Порой, наблюдая за этим явлением, я не мог удержаться от невольных ассоциаций, и думал о том, как легко и удивительно сравнимы эти срывающиеся, дрожащие капли с человеческой жизнью – они так же рождались, росли, проделывали путь по телу листка, разделяясь и разбегаясь по расходящимся извилистым бороздкам; сходились снова; набирались сил и расцветали, играя причудливыми, спектральными тонами преломленной миллионы раз призмы солнечного света, и скатывались вниз, к своему неминуемому концу. Там они мутнели и теряли былую яркость.
Иногда капли срывались сразу, иногда долго держались, цепляясь, сколько возможно, за самый краешек, за самый кончик листка, пока собственная тяжесть не пересиливала, и не вступали в действие неумолимые, педантичные законы физики. Листки отличались размерами и только на первый взгляд имели одинаковую форму. На самом деле, на всем дереве не отыскалось бы и пары одинаковых листьев, так же, как не существовало двух неотличимых друг от друга капель…
Только раз я нарушил установленный самим собой запрет: никого не приводить в мою заводь. Нарушил по собственной воле, и никогда впоследствии об этом не жалел. Впрочем, тот случай так и остался единственным.

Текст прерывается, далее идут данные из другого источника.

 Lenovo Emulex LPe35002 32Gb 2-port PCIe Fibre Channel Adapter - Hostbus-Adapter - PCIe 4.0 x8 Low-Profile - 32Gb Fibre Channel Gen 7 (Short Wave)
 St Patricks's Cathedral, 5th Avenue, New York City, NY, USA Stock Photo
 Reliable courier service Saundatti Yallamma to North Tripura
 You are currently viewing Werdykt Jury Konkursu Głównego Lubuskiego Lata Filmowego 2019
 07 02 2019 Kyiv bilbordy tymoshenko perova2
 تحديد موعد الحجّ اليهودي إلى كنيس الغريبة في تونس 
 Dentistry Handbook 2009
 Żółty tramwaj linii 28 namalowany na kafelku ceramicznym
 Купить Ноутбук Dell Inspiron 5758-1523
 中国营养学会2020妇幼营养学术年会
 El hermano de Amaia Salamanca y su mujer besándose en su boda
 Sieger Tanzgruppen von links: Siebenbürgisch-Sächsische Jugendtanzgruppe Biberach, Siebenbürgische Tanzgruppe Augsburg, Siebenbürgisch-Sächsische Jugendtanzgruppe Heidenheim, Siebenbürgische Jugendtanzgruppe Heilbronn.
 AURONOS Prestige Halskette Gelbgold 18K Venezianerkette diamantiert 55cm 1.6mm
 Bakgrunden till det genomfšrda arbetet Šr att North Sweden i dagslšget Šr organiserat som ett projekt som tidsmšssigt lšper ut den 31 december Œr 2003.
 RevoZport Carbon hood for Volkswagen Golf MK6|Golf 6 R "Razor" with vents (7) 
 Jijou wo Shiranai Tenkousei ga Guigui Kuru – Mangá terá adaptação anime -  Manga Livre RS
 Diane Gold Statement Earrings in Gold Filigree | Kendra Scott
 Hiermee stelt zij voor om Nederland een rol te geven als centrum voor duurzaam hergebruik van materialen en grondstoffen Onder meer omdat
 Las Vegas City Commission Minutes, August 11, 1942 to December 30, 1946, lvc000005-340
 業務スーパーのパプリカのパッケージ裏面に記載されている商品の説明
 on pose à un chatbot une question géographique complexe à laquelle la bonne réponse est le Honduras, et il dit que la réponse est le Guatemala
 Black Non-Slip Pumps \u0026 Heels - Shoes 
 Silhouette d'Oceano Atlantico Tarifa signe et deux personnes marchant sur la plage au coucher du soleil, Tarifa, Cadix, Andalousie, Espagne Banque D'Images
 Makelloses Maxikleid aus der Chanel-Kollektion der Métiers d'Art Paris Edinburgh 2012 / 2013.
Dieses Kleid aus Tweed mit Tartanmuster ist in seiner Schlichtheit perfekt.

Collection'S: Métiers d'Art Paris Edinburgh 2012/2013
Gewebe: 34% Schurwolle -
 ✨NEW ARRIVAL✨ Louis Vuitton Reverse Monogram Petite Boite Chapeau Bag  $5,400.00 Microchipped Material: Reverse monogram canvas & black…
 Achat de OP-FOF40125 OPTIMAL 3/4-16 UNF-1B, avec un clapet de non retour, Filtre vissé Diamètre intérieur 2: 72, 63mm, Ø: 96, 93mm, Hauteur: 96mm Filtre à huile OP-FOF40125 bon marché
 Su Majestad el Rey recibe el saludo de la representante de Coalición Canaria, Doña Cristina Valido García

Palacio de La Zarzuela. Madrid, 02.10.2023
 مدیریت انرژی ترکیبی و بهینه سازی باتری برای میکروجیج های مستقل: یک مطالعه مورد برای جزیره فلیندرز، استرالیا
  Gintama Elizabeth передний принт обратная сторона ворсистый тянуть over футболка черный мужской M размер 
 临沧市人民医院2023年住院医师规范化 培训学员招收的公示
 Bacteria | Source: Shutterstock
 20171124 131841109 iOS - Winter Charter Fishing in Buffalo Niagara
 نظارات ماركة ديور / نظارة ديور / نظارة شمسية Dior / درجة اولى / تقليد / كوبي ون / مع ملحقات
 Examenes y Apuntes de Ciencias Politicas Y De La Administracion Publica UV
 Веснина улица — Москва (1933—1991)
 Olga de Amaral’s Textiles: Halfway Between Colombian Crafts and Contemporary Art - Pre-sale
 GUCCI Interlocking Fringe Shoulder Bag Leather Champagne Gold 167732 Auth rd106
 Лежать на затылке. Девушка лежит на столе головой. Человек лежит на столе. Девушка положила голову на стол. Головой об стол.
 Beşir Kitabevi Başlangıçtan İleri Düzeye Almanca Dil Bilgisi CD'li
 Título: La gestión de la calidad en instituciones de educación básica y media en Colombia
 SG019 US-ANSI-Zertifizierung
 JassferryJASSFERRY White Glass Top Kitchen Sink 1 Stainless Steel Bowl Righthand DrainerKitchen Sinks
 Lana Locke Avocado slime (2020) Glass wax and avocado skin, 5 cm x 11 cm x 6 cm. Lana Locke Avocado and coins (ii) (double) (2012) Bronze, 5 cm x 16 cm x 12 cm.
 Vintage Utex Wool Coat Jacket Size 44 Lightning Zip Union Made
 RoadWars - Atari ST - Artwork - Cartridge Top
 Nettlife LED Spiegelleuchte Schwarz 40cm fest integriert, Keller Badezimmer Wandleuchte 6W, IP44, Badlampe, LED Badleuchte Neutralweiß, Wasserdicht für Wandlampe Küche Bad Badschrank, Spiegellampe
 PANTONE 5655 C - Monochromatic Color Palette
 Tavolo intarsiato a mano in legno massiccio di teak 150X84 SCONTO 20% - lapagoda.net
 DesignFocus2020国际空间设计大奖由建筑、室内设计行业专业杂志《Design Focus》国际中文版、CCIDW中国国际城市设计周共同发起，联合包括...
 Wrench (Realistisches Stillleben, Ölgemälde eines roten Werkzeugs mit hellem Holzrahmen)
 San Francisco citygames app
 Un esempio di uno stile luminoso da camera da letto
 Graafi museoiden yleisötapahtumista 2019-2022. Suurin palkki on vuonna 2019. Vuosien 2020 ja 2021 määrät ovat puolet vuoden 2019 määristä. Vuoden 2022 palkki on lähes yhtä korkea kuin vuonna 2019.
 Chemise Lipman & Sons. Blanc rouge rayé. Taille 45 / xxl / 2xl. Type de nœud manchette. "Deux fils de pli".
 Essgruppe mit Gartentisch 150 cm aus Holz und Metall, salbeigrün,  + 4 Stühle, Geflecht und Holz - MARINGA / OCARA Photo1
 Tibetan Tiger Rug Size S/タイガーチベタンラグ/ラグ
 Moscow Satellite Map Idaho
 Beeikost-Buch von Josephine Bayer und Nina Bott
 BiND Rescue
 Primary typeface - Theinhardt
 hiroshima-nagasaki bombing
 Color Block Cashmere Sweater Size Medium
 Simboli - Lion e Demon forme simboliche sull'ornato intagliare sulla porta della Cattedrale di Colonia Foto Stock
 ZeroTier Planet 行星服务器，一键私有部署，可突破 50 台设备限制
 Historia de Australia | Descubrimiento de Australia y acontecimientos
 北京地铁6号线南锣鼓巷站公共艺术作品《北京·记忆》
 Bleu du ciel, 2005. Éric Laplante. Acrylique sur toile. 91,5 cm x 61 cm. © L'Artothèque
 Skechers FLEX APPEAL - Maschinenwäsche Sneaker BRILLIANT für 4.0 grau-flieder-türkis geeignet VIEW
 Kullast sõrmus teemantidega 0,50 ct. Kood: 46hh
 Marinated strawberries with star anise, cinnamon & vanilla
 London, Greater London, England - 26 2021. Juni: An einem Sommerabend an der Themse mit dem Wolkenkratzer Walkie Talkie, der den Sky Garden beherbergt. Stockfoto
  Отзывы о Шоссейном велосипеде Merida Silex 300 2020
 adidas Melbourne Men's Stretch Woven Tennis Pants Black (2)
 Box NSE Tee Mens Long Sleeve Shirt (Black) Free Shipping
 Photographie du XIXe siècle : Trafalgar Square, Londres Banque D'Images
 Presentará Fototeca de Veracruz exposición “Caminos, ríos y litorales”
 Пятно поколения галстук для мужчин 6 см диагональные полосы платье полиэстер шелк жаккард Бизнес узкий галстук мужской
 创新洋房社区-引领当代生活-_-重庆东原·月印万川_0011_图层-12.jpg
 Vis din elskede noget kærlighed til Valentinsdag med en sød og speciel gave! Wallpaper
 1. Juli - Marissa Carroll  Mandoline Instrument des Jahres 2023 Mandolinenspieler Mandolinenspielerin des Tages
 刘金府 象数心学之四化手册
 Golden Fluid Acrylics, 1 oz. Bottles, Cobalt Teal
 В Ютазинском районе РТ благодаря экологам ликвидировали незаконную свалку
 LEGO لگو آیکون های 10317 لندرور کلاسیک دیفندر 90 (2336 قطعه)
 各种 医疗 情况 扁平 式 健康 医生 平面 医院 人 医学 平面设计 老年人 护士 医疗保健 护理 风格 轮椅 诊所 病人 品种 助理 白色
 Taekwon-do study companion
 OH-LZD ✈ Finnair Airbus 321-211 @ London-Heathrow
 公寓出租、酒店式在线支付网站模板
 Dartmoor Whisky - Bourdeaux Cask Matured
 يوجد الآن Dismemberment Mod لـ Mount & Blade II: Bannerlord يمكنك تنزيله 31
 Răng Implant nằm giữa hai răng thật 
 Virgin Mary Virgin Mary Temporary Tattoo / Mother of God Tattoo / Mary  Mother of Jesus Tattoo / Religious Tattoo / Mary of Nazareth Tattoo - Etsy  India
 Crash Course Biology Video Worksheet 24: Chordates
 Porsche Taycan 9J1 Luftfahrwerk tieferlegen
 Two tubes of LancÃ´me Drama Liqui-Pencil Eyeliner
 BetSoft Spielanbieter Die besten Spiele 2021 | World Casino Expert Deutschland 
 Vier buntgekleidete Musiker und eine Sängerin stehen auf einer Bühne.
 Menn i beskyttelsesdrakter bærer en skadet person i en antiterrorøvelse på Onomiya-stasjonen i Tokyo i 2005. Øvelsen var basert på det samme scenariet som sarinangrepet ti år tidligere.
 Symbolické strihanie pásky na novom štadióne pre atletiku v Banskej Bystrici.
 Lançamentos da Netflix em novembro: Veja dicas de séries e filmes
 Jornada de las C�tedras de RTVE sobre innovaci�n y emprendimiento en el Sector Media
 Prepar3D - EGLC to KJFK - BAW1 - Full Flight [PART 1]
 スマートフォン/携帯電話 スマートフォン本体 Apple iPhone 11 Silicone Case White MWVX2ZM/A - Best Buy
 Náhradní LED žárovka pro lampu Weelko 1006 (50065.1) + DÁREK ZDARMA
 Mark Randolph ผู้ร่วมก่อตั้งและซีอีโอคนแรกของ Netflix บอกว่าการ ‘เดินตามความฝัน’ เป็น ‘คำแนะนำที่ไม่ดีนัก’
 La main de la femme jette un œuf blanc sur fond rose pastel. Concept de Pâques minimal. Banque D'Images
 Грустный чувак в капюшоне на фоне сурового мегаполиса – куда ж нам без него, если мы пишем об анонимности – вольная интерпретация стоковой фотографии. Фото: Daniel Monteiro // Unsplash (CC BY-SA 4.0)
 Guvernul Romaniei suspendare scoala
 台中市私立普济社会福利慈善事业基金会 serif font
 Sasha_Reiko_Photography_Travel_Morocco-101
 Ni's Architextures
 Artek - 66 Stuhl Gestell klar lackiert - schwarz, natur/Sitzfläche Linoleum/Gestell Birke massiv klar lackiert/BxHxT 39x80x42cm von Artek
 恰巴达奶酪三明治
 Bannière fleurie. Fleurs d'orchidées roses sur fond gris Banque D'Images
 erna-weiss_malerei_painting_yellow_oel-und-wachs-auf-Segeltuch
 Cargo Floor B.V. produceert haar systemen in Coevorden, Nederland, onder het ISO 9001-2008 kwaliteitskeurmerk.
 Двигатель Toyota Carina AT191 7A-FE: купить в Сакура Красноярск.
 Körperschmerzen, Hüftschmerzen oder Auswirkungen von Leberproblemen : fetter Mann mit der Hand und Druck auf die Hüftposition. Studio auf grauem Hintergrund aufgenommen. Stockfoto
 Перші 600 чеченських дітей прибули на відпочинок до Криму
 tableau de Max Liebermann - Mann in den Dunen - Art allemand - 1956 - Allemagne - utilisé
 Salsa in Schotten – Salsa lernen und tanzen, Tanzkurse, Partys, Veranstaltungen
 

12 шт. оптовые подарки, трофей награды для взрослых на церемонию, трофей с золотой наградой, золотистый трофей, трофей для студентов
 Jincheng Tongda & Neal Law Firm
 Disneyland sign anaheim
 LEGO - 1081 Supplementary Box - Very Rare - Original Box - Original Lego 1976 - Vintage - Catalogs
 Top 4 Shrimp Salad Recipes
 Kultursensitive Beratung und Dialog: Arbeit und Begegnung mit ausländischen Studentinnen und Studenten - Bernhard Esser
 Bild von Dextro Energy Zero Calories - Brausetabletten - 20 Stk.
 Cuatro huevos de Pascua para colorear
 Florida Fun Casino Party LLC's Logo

Наверное, трудно найти человека, который без запинки ответил бы на вопрос, помнит ли он свой самый счастливый день в жизни. Я не искал таких людей, но уверен, что большинство неизменно ответили бы: да! А потом задумались бы, вспомнили одно, другое, отмели третье, и вернулись бы к четвертому, решая в уме непосильную задачу. Разве можно разобраться в счастье, выделить тот момент, ради которого и стоило жить? Разве человек в подобной ситуации невольно не начинает задумываться о природе счастья, о том, в чем оно заключается, не понимая того, что о счастье нельзя задумываться? Мне кажется, его просто надо почувствовать.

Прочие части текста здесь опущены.